Cuando la reunió acabó, Historia se puso de pie, y me indicó que la siguiera hacia un lugar retirado de la amplia sala, mientras los demás presentes discutían lo que se había conversado.
—¿Estás bien? —me preguntó Historia, tomándome de la cintura, y mirándome con esos ojos a los que yo generalmente no podía decirles que no—. No creo que Kiyomi haya sido inteligente al jugar la carta de la princesa de Hizuru.
—Recordé la conversación que tuvimos antes de partir hacia Shiganshina —dije, tomándole los brazos, tratando de apartar los suyos, juzgando que no era el lugar para mostrar afecto, e Historia dejó de tomarme la cintura—. ¿Te acuerdas de eso, verdad?
—Por supuesto —contestó Historia, y, por alguna razón, la vi un poco cabizbaja—. Y aún mantengo lo que dije en esa ocasión, que tú deberías ser mi sucesora en caso que algo malo me pase. Pero asumo que no era eso lo que tratabas de decirme.
— Es que no sé cómo rayos sentirme —dije, recordando aquellas palabras de Kiyomi y yo siendo la heredera del trono de Hizuru—. Nunca me sentí como si fuese parte de alguna realeza.
—Ciertamente, no luces como una princesa —dijo Historia, y yo la miré directamente a la cara, pensando que ella tampoco lucía exactamente como una reina, con el cabello corto y el parche en un ojo—. Pero la marca en tu antebrazo prueba que lo eres. Lo que hagas con eso, depende enteramente de ti.
—Ese es precisamente el problema —dije, no sin cierto viso de desesperación—. No sé si esto deba definirme o no.
—Pues tu postura durante la reunión me dijo claramente que no —repuso Historia, encogiéndose de hombros, y, aunque mostraba una sonrisa, sus ojos reflejaban cierto pesar, y yo no podía hacerme el marco mental de por qué—. Lo que te define, y esto no lo digo yo, sino tus acciones, es tu fuerza, habilidad, espíritu protector y lealtad, sin importar la sangre que corra por tus venas. Perdóname por decirte estas cosas, porque no soy la persona adecuada para decirte quién eres, por mucho que seas mi esposa.

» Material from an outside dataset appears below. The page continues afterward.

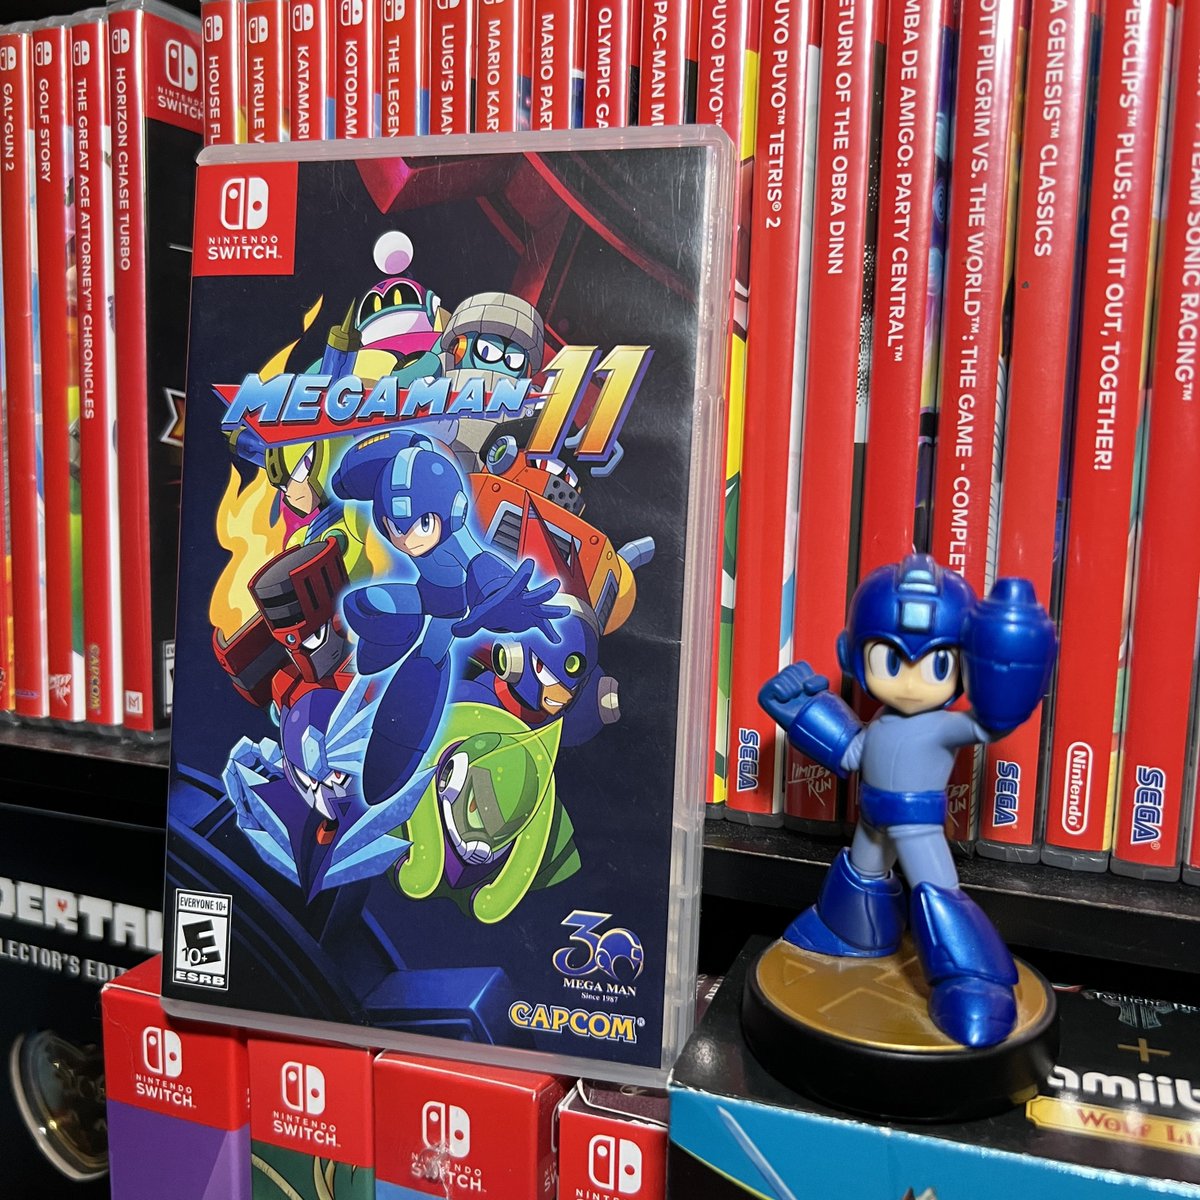 Mega May continues and I'm taking on Mega Man 11 for the First Time!! Let's see how this classic comeback fared~ #MegaMan #CapcomCreators

🔵 ttv / gtothenextlevel 🟣

Permanecí en silencio por un rato, porque no había nada más que decir al respecto. Me contenté con mirarla a los ojos, los que mostraban la misma expresión de pesar que antes, y, estando en silencio, no pude evitar relacionar aquello con el momento en que tomé sus brazos para que ella apartara los suyos de mi cintura. De hecho, su semblante había cambiado justo después. Finalmente, entendí por qué Historia lucía cabizbaja. Debí haberme dado cuenta de ello antes, pero me dije que el contexto no era el apropiado de todas formas. En todo caso, no podía culparla de comportarse así. Yo había regresado hace una semana atrás, después de un mes de turno, e Historia había estado ocupada con las menudencias de su título, aparte de la llegada de Kiyomi a la isla. No habíamos estado juntas desde hace mucho tiempo ya, y nos merecíamos un momento a solas. Sonreí.
—¿Te parece si vamos a tu habitación? —le propuse.
La reacción de Historia fue predecible.